Abstract
The microfiber synthetic leather base pretreated by sulfuric acid was modified by collagen in which the organic phosphine FP was used as a cross-linking agent, for the purpose of increasing the active groups and improving its properties. Compared with the pretreated base, it was found that the amino content in the modified base was two times and the carboxyl content was three times. The water vapor permeability of the modified base increased by 65% and the moisture absorption increased by 181%. It was further found that the tensile strength of the modified base was 19.06 N/mm2, the elongation at break was 54% and the tear strength was 112.34 N/mm. The test results of Fourier transform infrared spectroscopy, scanning electron microscopy, atomic force microscopy, thermogravimetric analysis and water contact angle showed that the collagen molecules had evenly cross-linked with fiber. The modified base microfiber dispersion was greatly increased, the hydrophility was enhanced and the relative average roughness was decreased. Moreover, modification by collagen also affected the thermal properties of the base.
Keywords
Microfiber synthetic leather is a high-grade synthetic leather and its appearance and performance are fairly similar to that of natural leather, even presenting much better physical and mechanical properties. Made up of polyamide microfiber and polyurethane, it is an ideal substitute for natural leather. As the main component of synthetic leather, the properties of the microfiber synthetic leather base are the key factors to the properties of the finished synthetic leather.1–3 Except for carboxyl and amino groups at the end of the molecular chain, there are fewer active groups in the polyamide microfiber than in natural leather, which has many side chain groups that are active. There are a large number of C-C bonds and amide bonds in the molecular chain, but no side chains exist. Consequently, the water vapor is hard to transfer and absorb between the fiber and outside the base. So microfiber synthetic leather has poor moisture absorption, water vapor permeability and wearing comfort.4–8 Therefore, it is necessary to find ways to improve the properties of microfiber synthetic leather.9–11
As a typical amphoteric polyelectrolyte, collagen contains many amino acids and active groups, and has outstanding hydrophilicity and biocompatible properties. 12 Being a country with many leather industries, China has to face the production of a large amount of leather waste every year. The proper application of collagen extracted from the leather waste can help to save resources and reduce solid waste pollution to a certain extent. 13
In this research, collagen and a highly active cross-linking agent, tetrakis (hydroxymethyl) phosphonium chloride (organic phosphine FP), was used to modify the surface of a sulfuric acid pretreated synthetic leather base. The results of this modification were that the active groups on the surface of the base increased and the properties were fundamentally improved.
Experimental details
Materials and instruments
The materials and instruments used in this experiment are the following: gelatin (Hebei Cangzhou Gelatin Co., Ltd), alkaline protease (AR, Nanning Pangbo Biological Engineering Co., Ltd), polyamide microfiber synthetic leather base (Yantai Wanhua Synthetic Leather Co., Ltd), 98% sulfuric acid (Beijing Chemical Factory), organic phosphine FP (Beijing Fanbo Science and Technology Co., Ltd) and formaldehyde scavenger (Shenzhen Greg Weikang Environmental Protection Technology Co., Ltd).
Preparation of collagen
The 30% gelatin solution was placed in a water bath pot equipped to stir until the gelatin completely swelled. The temperature of the water bath was adjusted to 55℃, while the pH of the gelatin solution was 9.0. About 0.8% (based on the dry weight of gelatin) alkaline protease was added, and was stirred for 5 h under this reaction condition. In order to inactivate the enzyme, the reaction was kept for 10 min after the temperature was increased to 90℃. The collagen obtained was an orange liquid. The formaldehyde method 14 was used to measure the prepared gelatin hydrolysate, and the amine content was about 1.2 mmol/g.

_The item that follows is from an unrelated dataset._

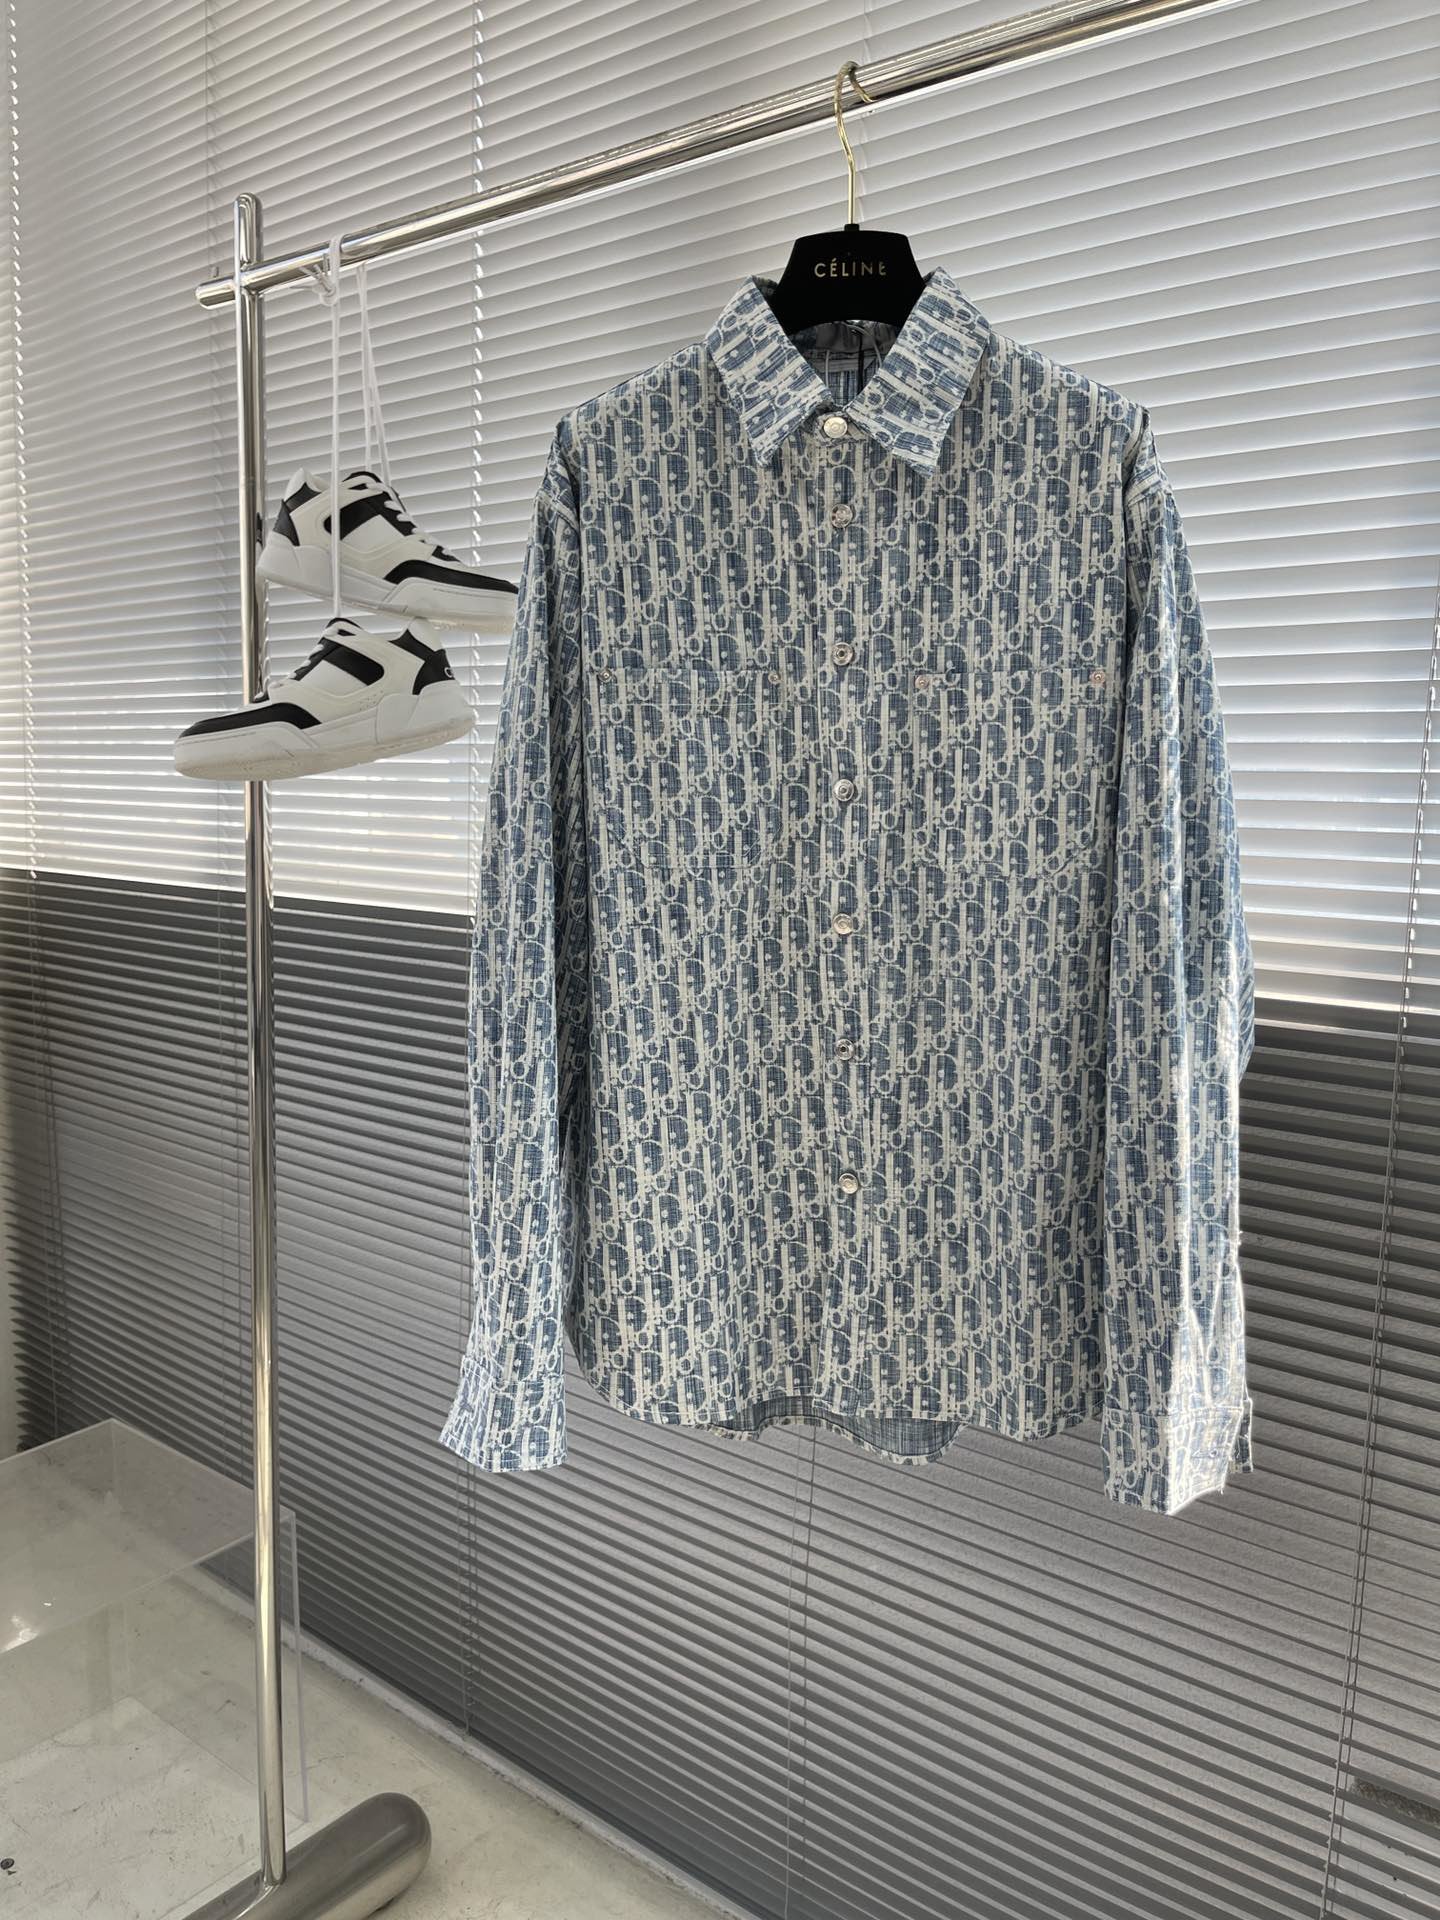 Pezdjs\n\n-Dio 最报款联名牛仔衬衣外套\n这款外套衬衫从日本古老纺织工艺汲取灵感，重新诠释标志性的 Oblique 印花。采用蓝色和白色棉质牛仔布精心制作，通体饰以漂白效果和赤耳细节。可与配套的牛仔裤搭配穿着，打造浑然一体的造型。\n通体饰以白色 Oblique Kasuri 印花\n赤耳细节\n纽扣门襟\n镌刻有“DIO”标志的按扣\n胸前贴袋\n100% 棉\n码数：38.39.40.41\n\n尺码  胸围  衣长  肩宽  \n38\t    yydsw\t  qwel\t

Gel permeation chromatography of collagen
DIONEX BJ/U3000 gel permeation chromatography (GPC) was used to determine the distribution of the collagen molecular weight, employing sodium azide for universal calibration. The mobile phase was water, the velocity was 1 mL/min and the column temperature was 40℃. The result showed that two main peaks appeared in the GPC spectra. Mn was 883, Mw was 1374 and Mv was 1285. The GPC spectrum of collagen was as shown in Figure 1.
Gel permeation chromatogram of collagen.
Microfiber synthetic leather base modification method
The modification method is given in Table 1. The 98% sulfuric acid was used to pretreat the microfiber synthetic leather base and the processing conditions were as given by Ren et al.
15
Then the pretreated base was modified by collagen with organic phosphine FP and the collagen was added after the base fully reacted with FP. The combination schematic of the modified base by collagen is shown in Figure 2. Organic phosphonic contains four hydroxymethyls and is easily oxidized into three hydroxymethyl phosphine oxides, which then reaction with amino.
The combination schematic of the microfiber synthetic leather base modification by collagen with organic phosphine FP. Microfiber synthetic leather base modification method
The modification conditions were optimized via single-factor experiments in which the water vapor permeability and moisture absorption were used as indexes. The best modification conditions were as follows: the collagen dosage was 18%, the FP dosage was 9%, the modification temperature was 35℃, the time was 4 h and the pH was 5.5.
The operating instructions are summarized as follows:
the dosage percentage related to this experimental process was calculated by the quality of the base; the modified base without FP of the tests was the collagen modified base for which the FP dosage was 0% in this method; the formaldehyde scavenger was used to remove free formaldehyde in this method.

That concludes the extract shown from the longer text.